Input data Start Marker

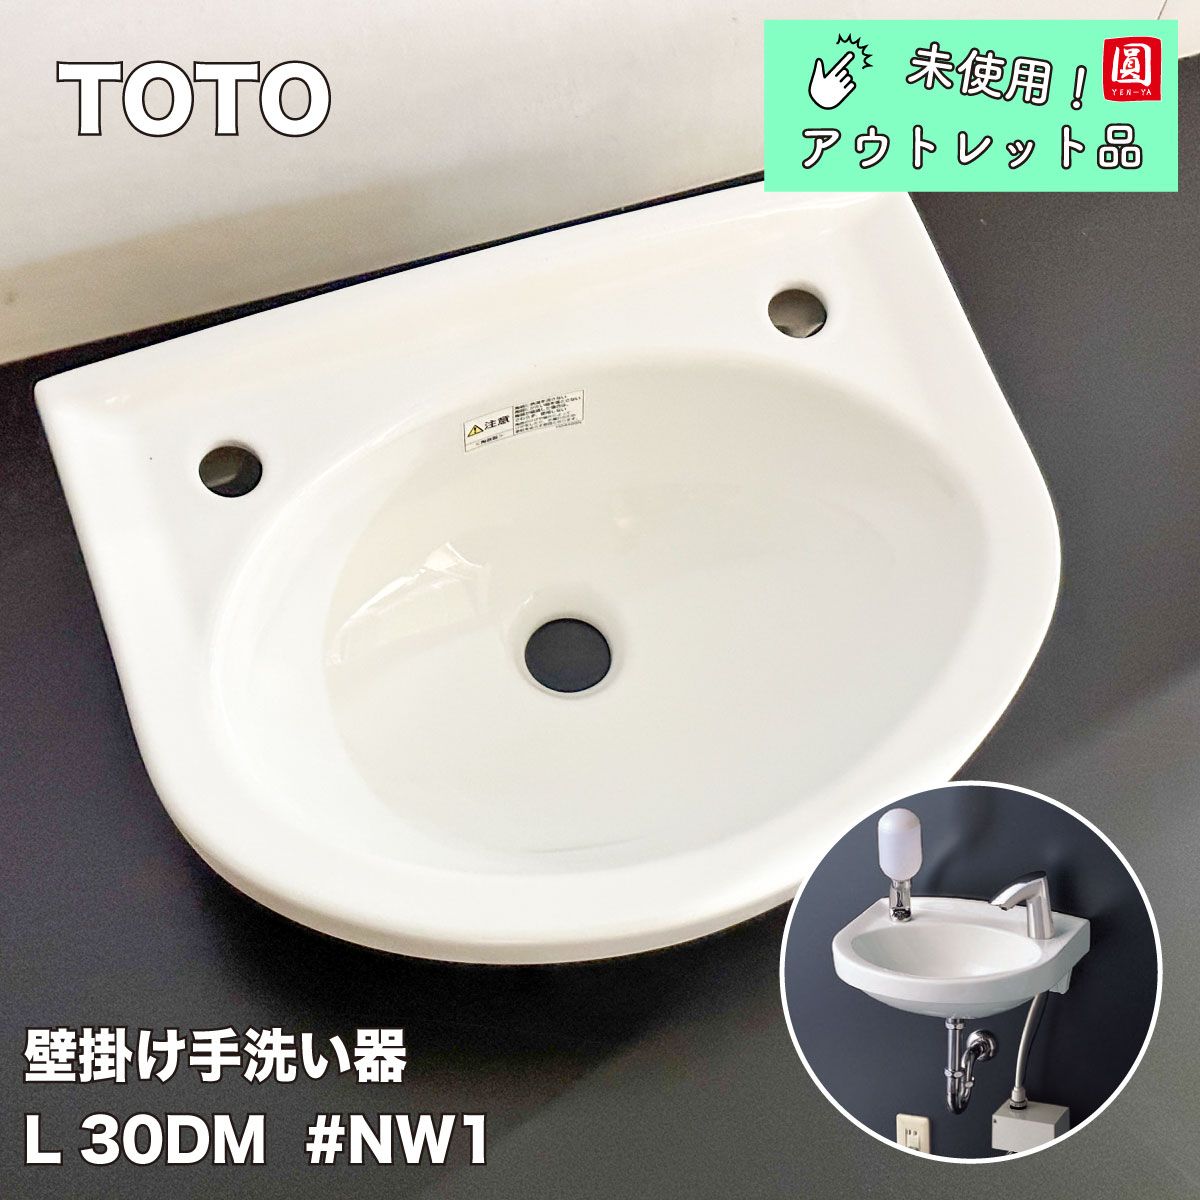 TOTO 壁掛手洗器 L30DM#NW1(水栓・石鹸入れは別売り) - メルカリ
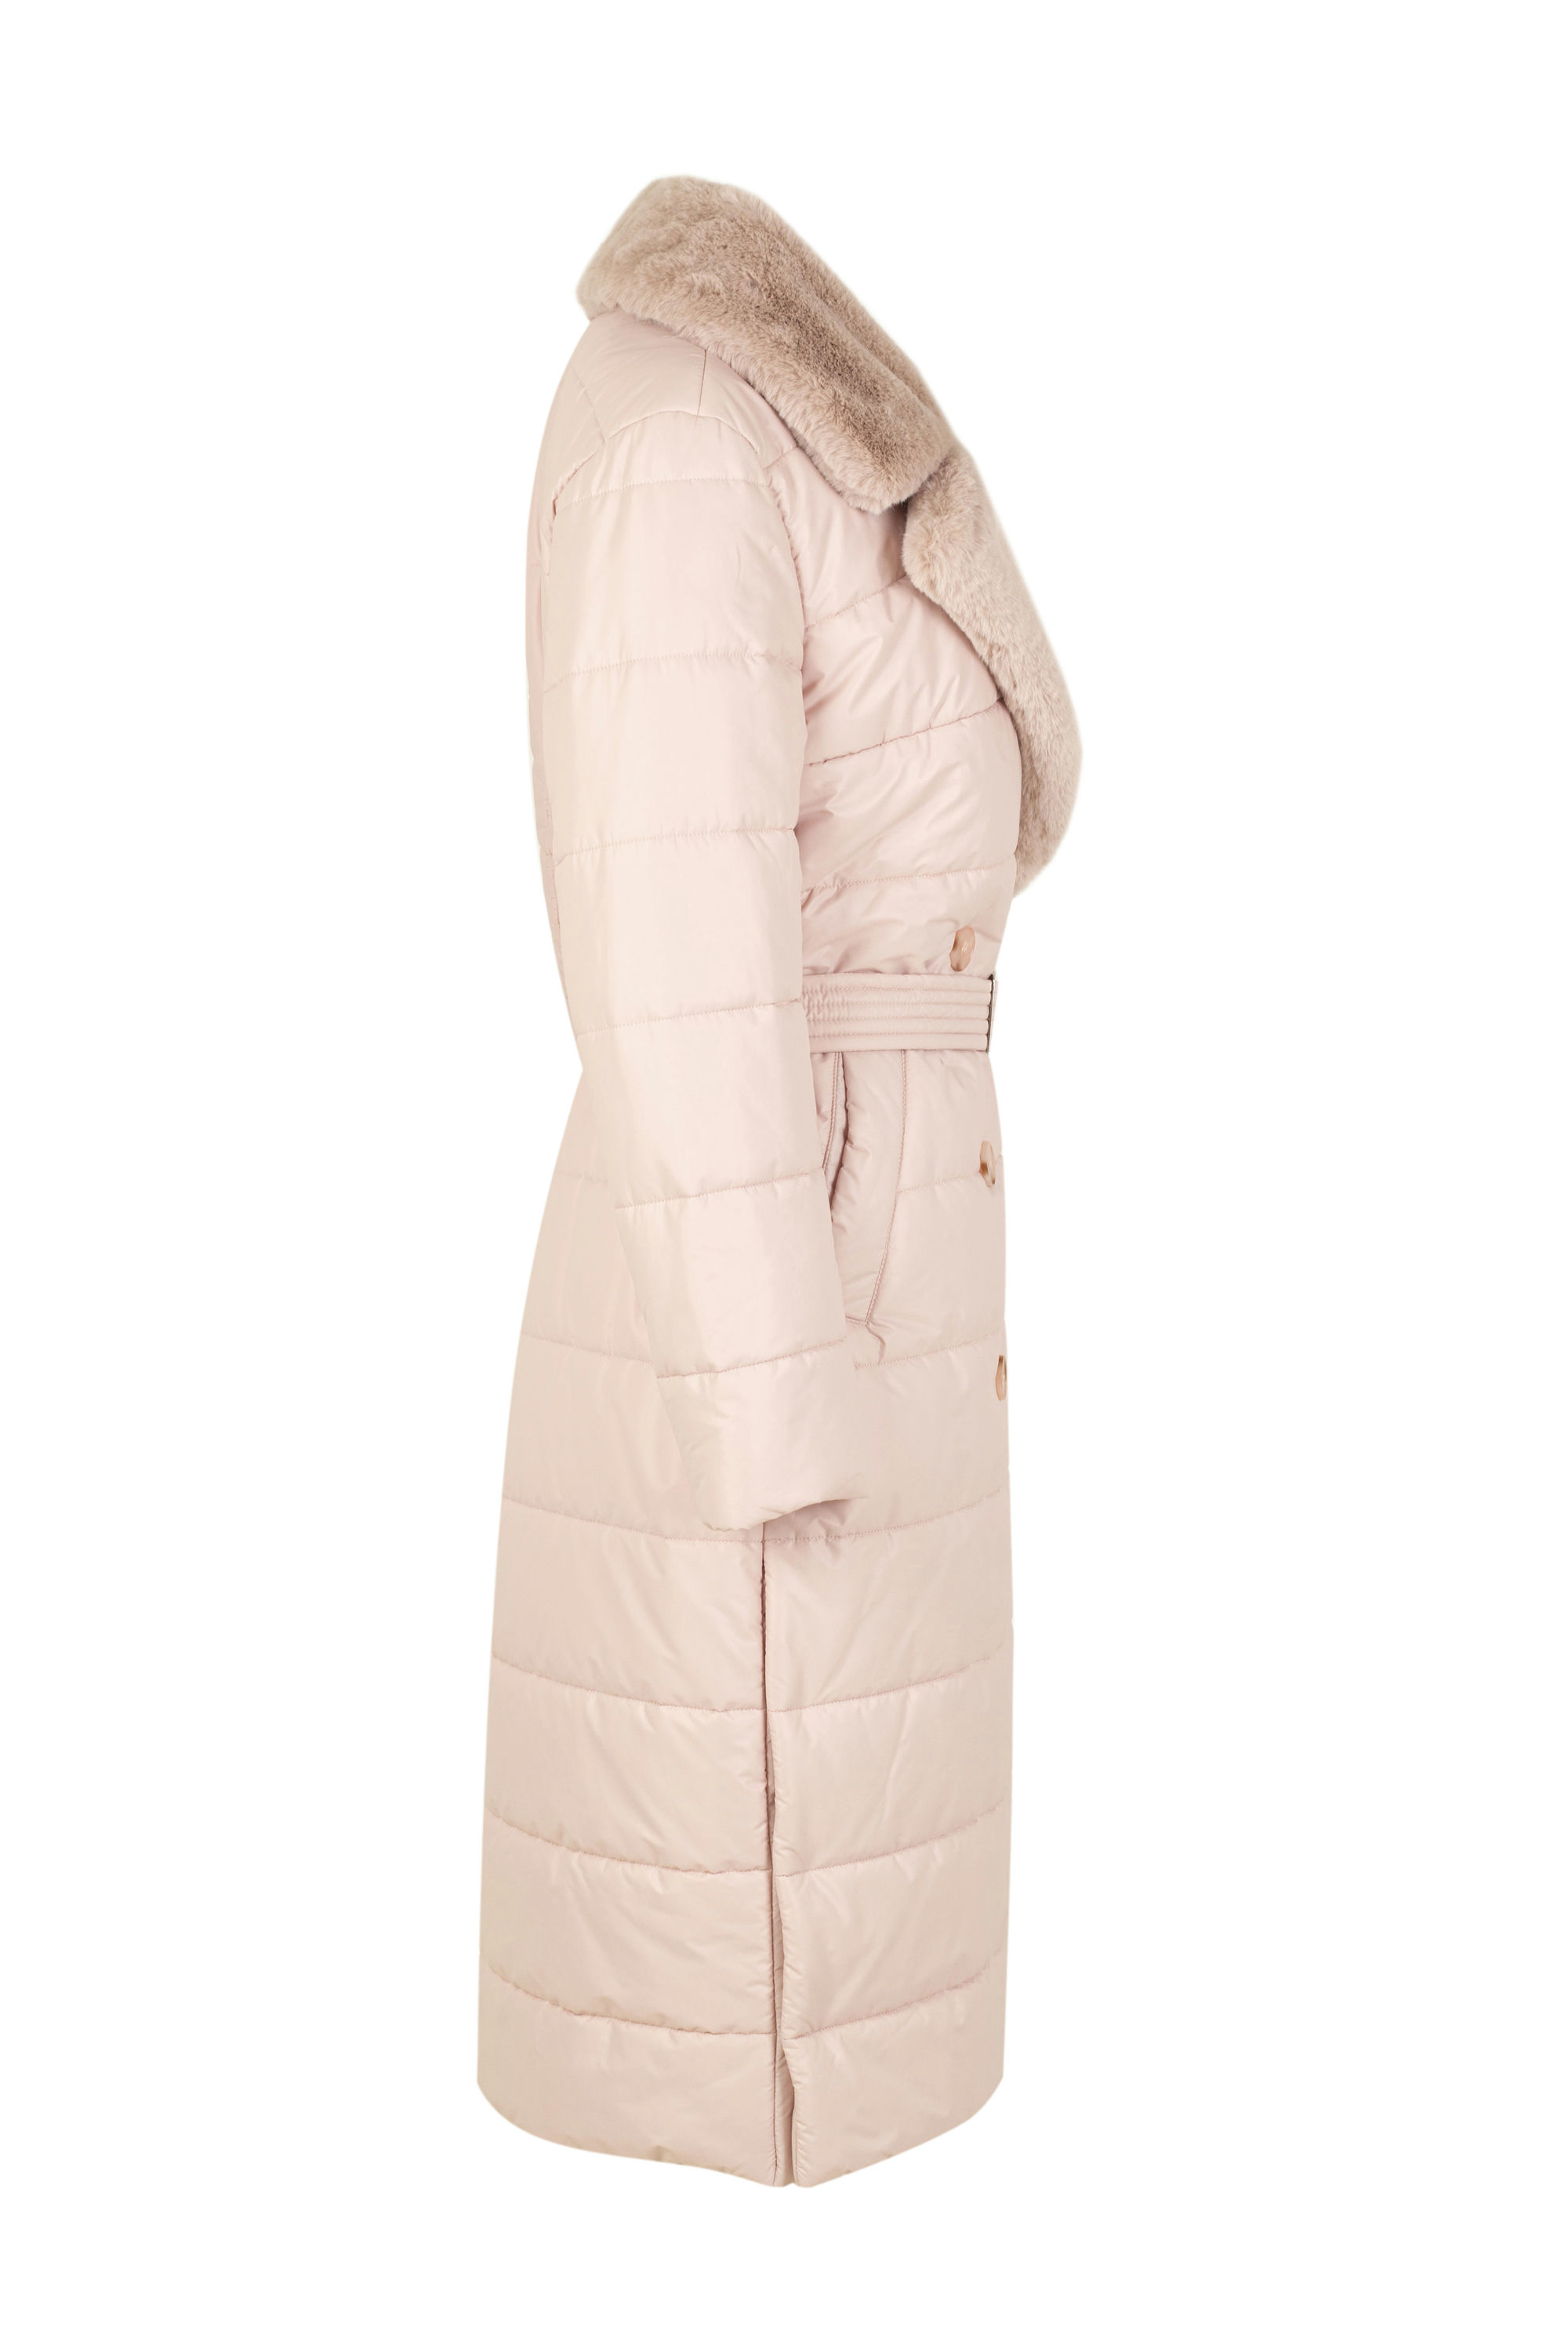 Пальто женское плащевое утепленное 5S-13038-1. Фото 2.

Input data End Marker
Input data Start Marker

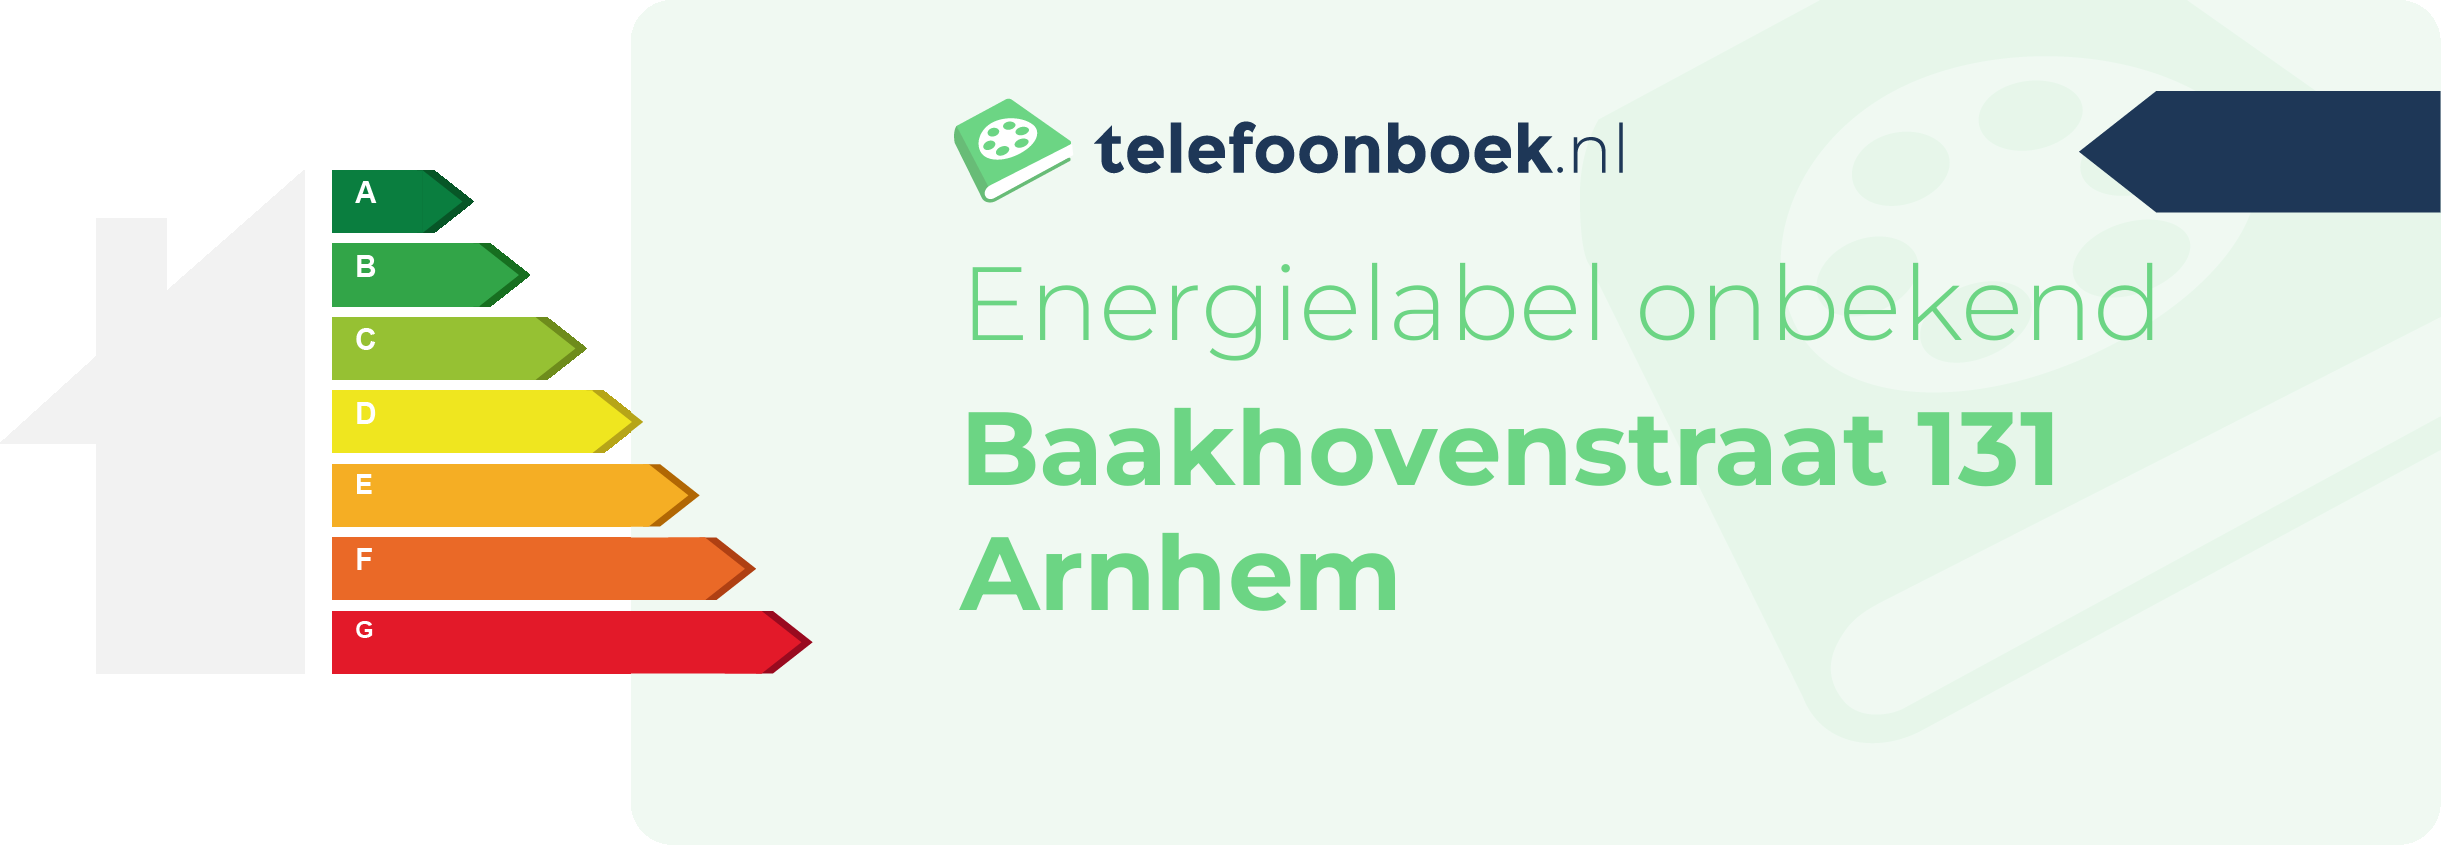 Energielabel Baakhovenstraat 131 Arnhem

Input data End Marker

The task
Reproduce word for word, with pictures dropped, only the part of the material above that opens with the line containing "TOTO 壁掛手洗器 L30DM#NW1(水栓・石鹸入れは別売り) - メルカリ" and closes with the line containing "Пальто женское плащевое".

Exercise answer
 TOTO 壁掛手洗器 L30DM#NW1(水栓・石鹸入れは別売り) - メルカリ
 Пальто женское плащевое утепленное 5S-13038-1. Фото 2.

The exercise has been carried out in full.